Any other tips or areas you might recommend would be great. I’m considering FP&A, IB or MBA as the next step. I had an offer to join a mm firm as an IB analyst earlier this year but the offer was rescinded due to COVID and now the competition is pretty intense.
Thanks
I think you should narrow your options a bit because FP&A and IB and valuation firms and the MBA are all quite different. As far as lateraling into valuation, if you’re well-prepared for interviews and have other good academic stats, you should have a good shot.
Hi,
This is a really great overview. One comment I’d say on the cons is that you can actually learn LBO modeling on the job in some valuation firms, depending on what their focus is (ie ESOPs which are primarily levaraged financed deals). There could be some good opportunities in that space for people that want to sharpen their LBO skillsets.
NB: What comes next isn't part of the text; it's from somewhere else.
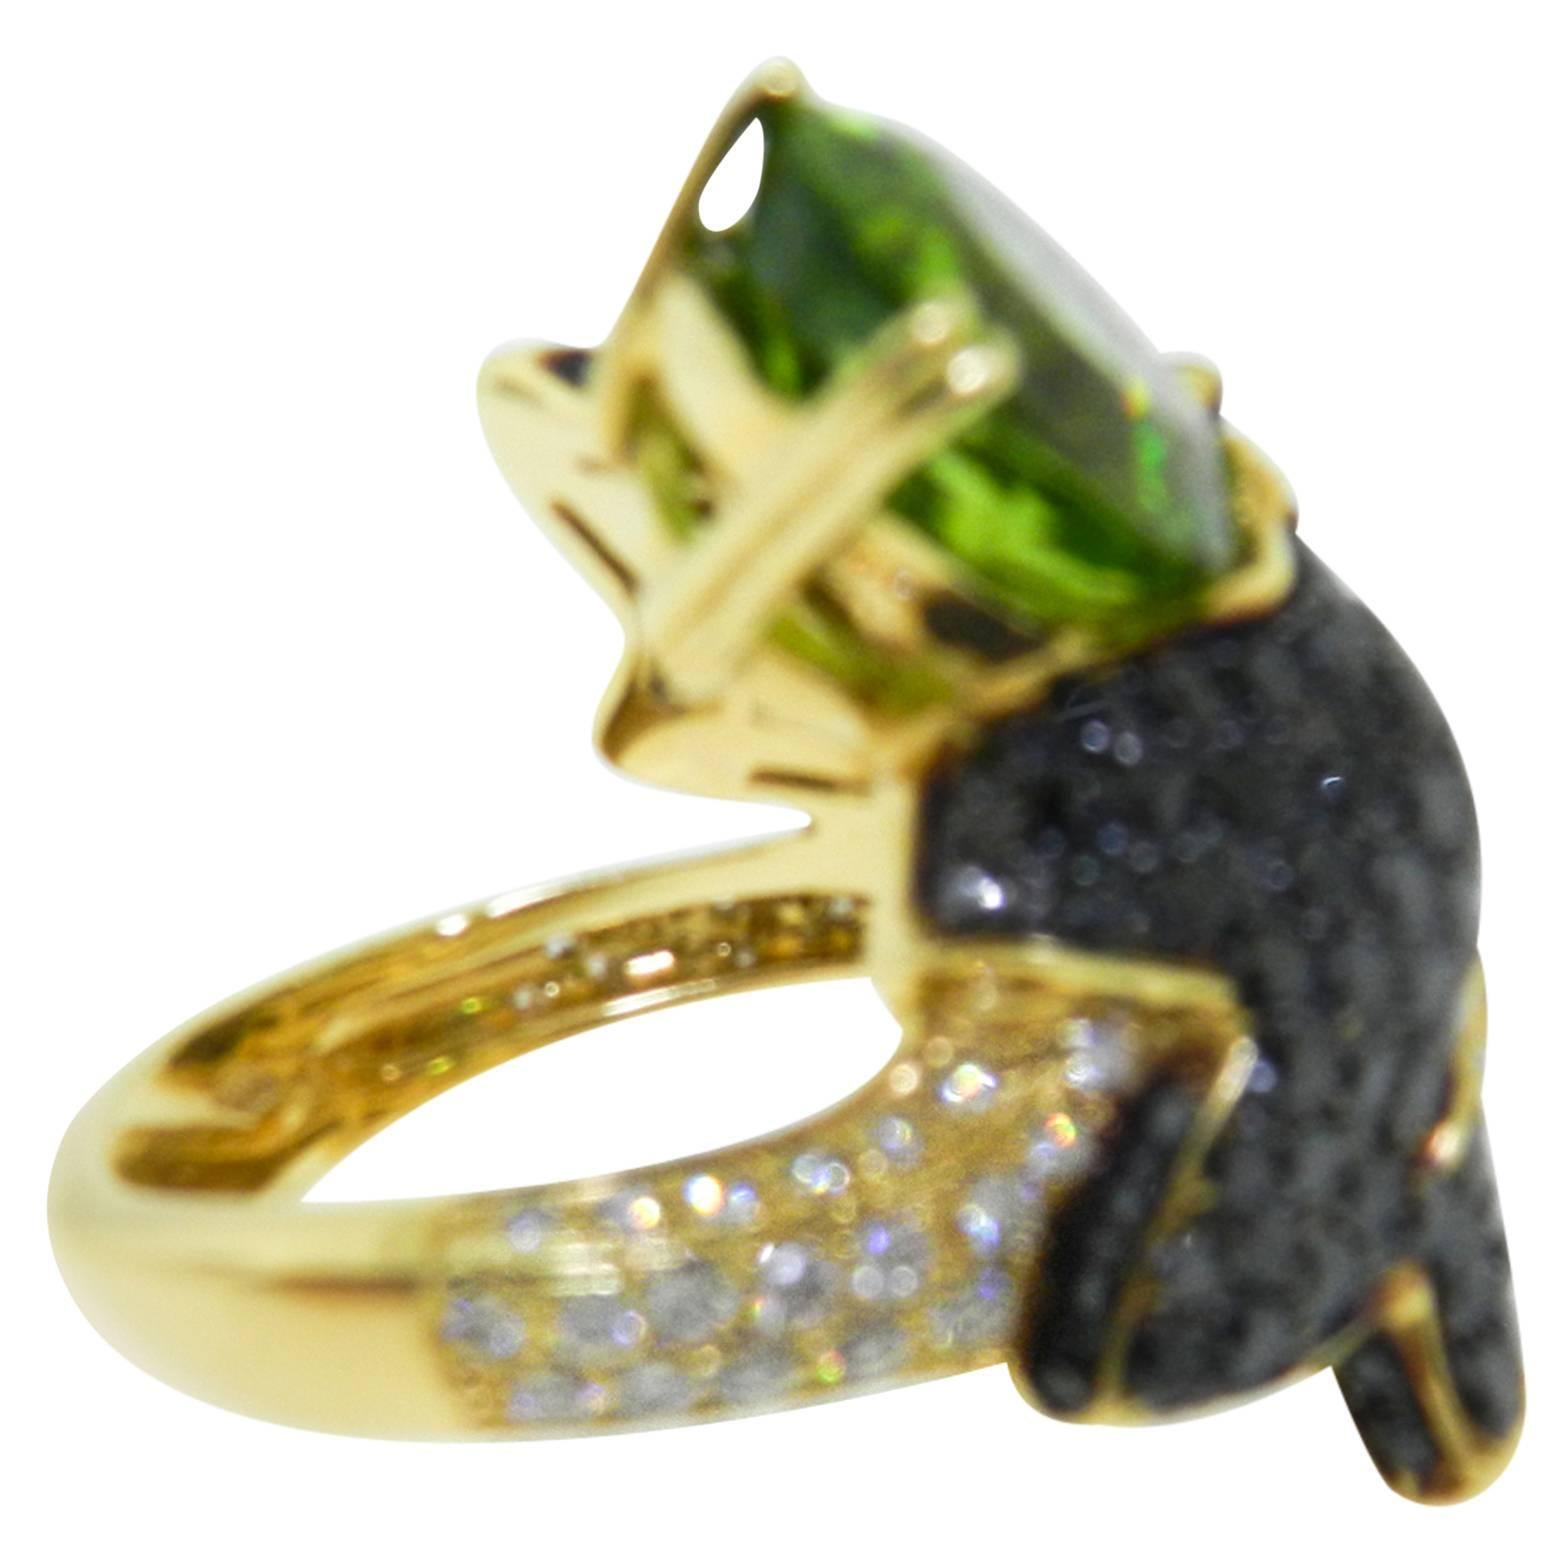 Stunning Cocktail ring, centering an oval-shaped peridot weighing approximately 1.40 carats, with a black pave diamond leaves, with a pavé-set white diamond style band, the diamonds altogether weighing approximately 0.74 total carats, mounted in

Thanks for adding that, that is a good point. You can learn the modeling on the job, depending on your group. Though I would say that the “you haven’t worked on an entire deal process” objection is still likely to come up, even if you know the modeling.
Hey Brian,
Thanks for an amazing piece of article!
If you don’t mind, I would like to ask a question that isn’t related to the article.
I have two internship offers, one from a small consumer sector-focused PE firm (mostly F&B companies with AUM of $400m) and another from medium sized infra-focused asset management firm(mostly energy related assets with AUM of $1 billion). My ultimate goal is to break into investment banking and I have an ECM team internship so far. Considering this, which one do you think is better option for IBD?
Thank you so much for your understanding.
Thanks. I would pick the consumer-focused PE firm because infrastructure is more specialized and may not be as useful for generalist IB roles.